(Beginning of Recorded information)
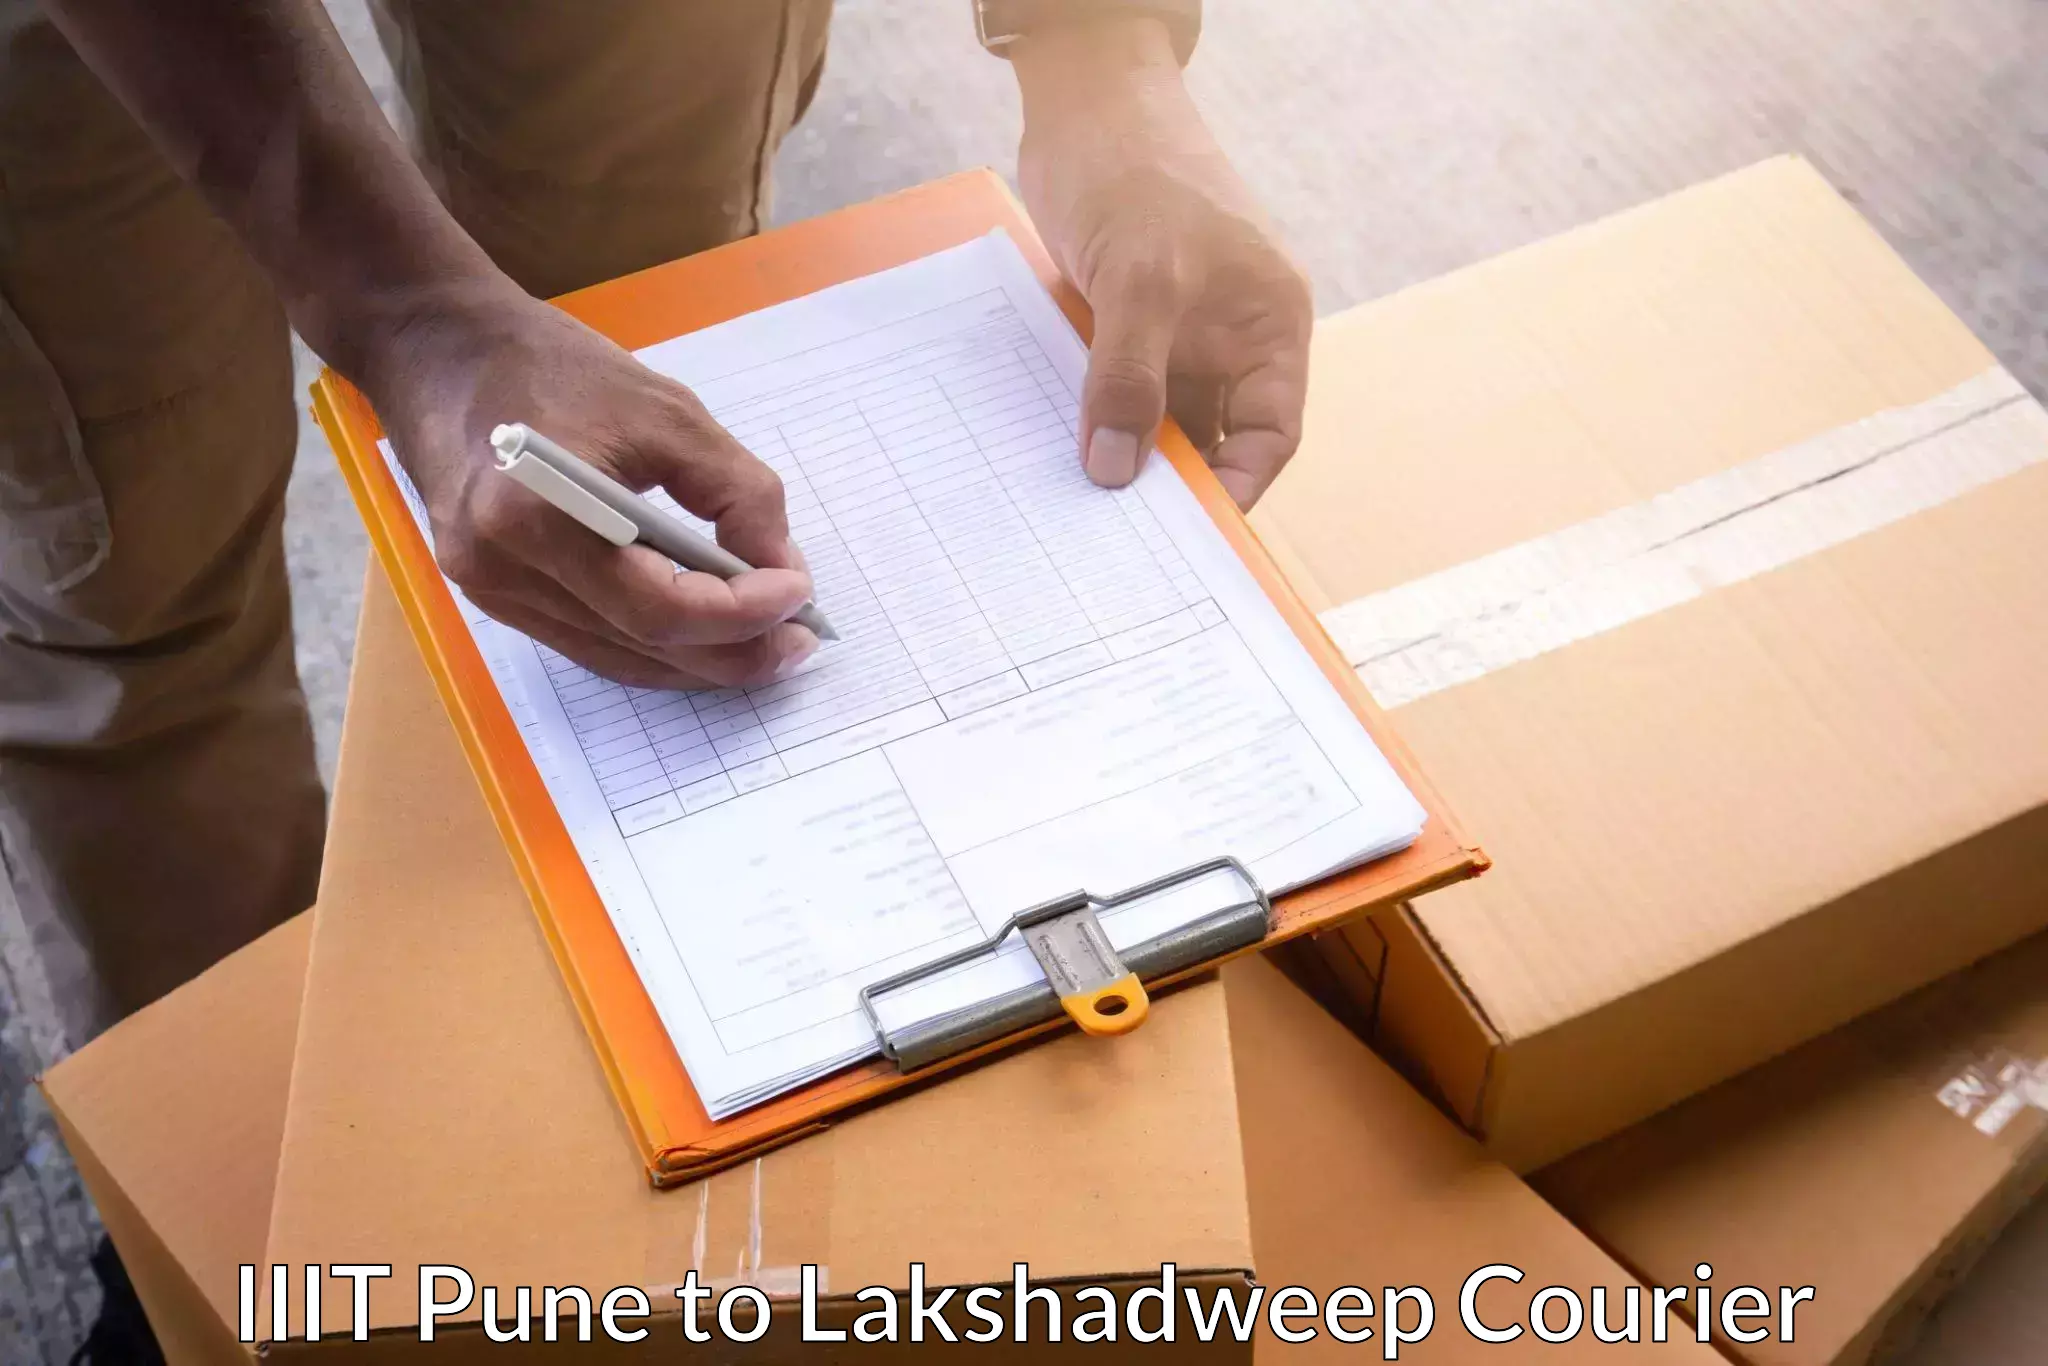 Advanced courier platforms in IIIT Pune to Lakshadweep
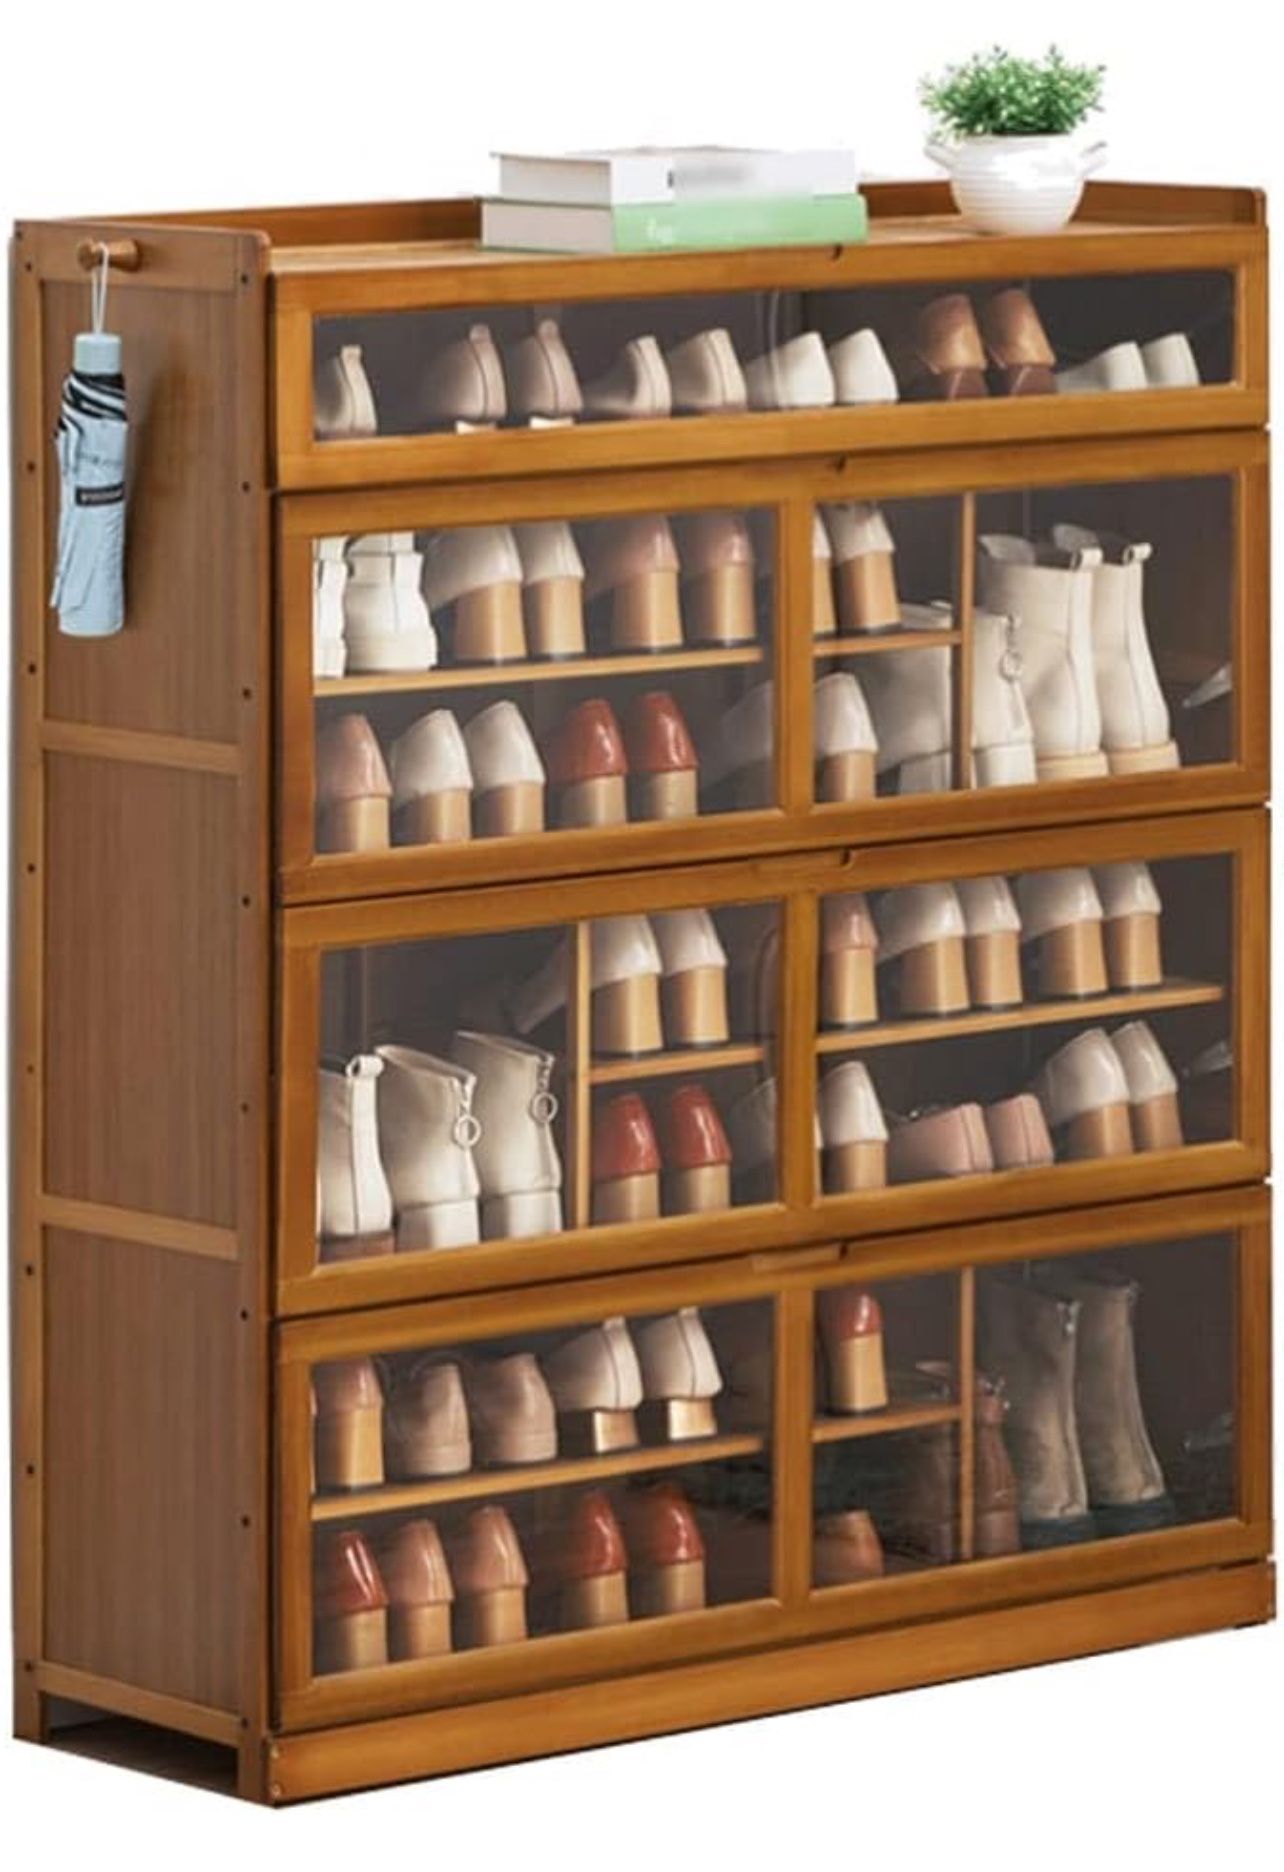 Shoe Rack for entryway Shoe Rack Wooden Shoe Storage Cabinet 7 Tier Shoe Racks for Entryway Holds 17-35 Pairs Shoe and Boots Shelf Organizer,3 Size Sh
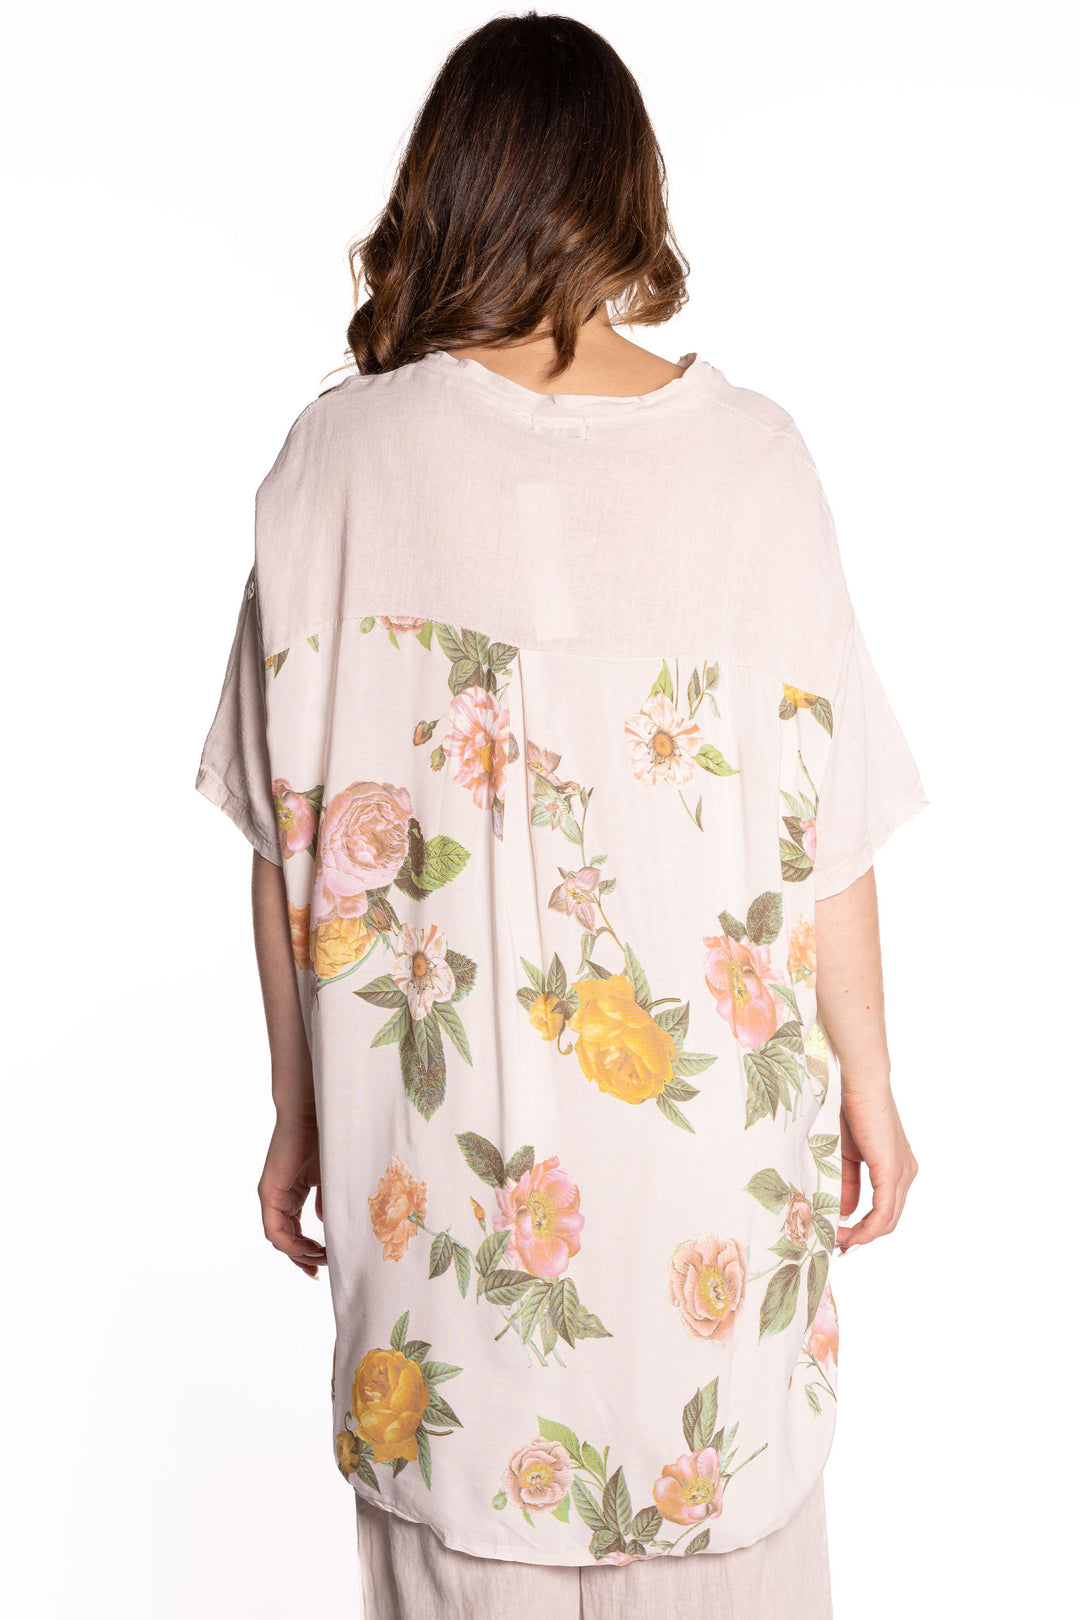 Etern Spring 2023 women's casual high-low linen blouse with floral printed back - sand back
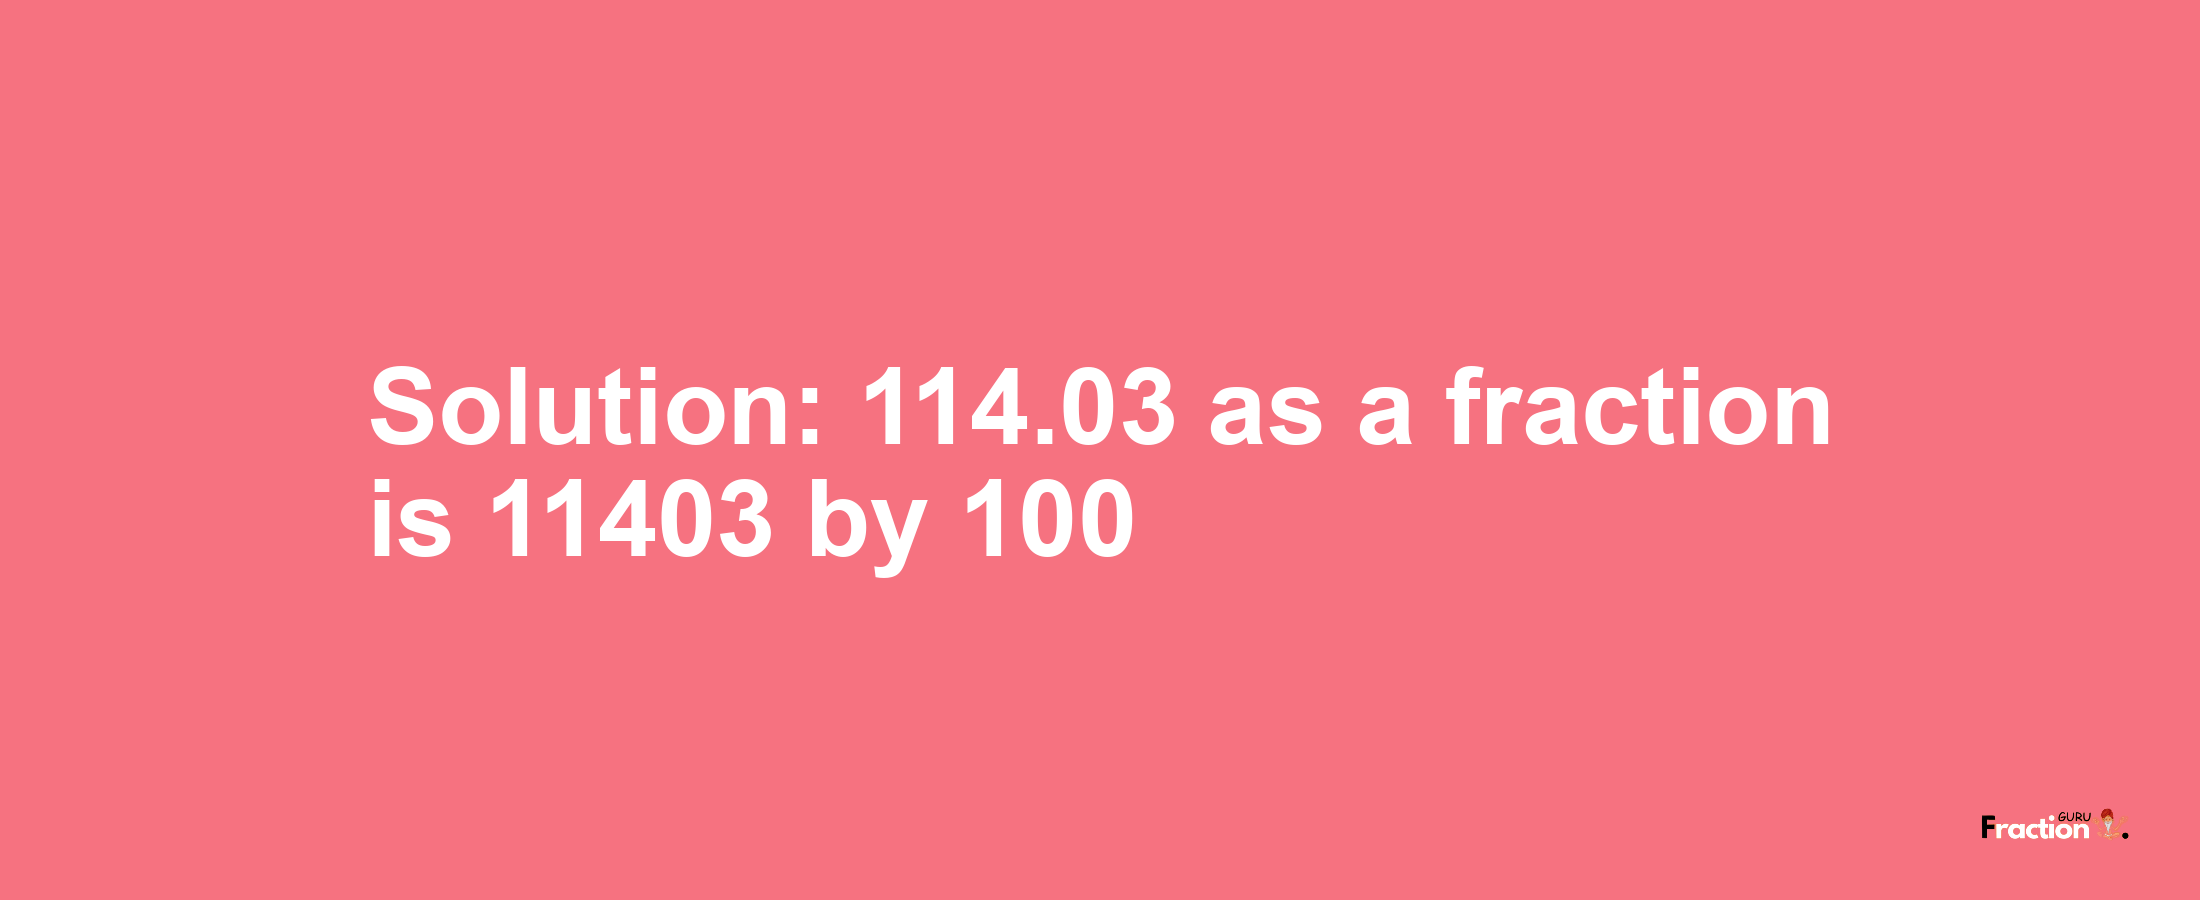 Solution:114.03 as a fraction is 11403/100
(End of Recorded information)
## Work request
From the line containing "Shoe Rack for" to the end of the data above, give those lines again verbatim, with both endpoints included and no images.

## Solution to this problem
 Shoe Rack for entryway Shoe Rack Wooden Shoe Storage Cabinet 7 Tier Shoe Racks for Entryway Holds 17-35 Pairs Shoe and Boots Shelf Organizer,3 Size Sh
 Etern Spring 2023 women's casual high-low linen blouse with floral printed back - sand back
 Solution:114.03 as a fraction is 11403/100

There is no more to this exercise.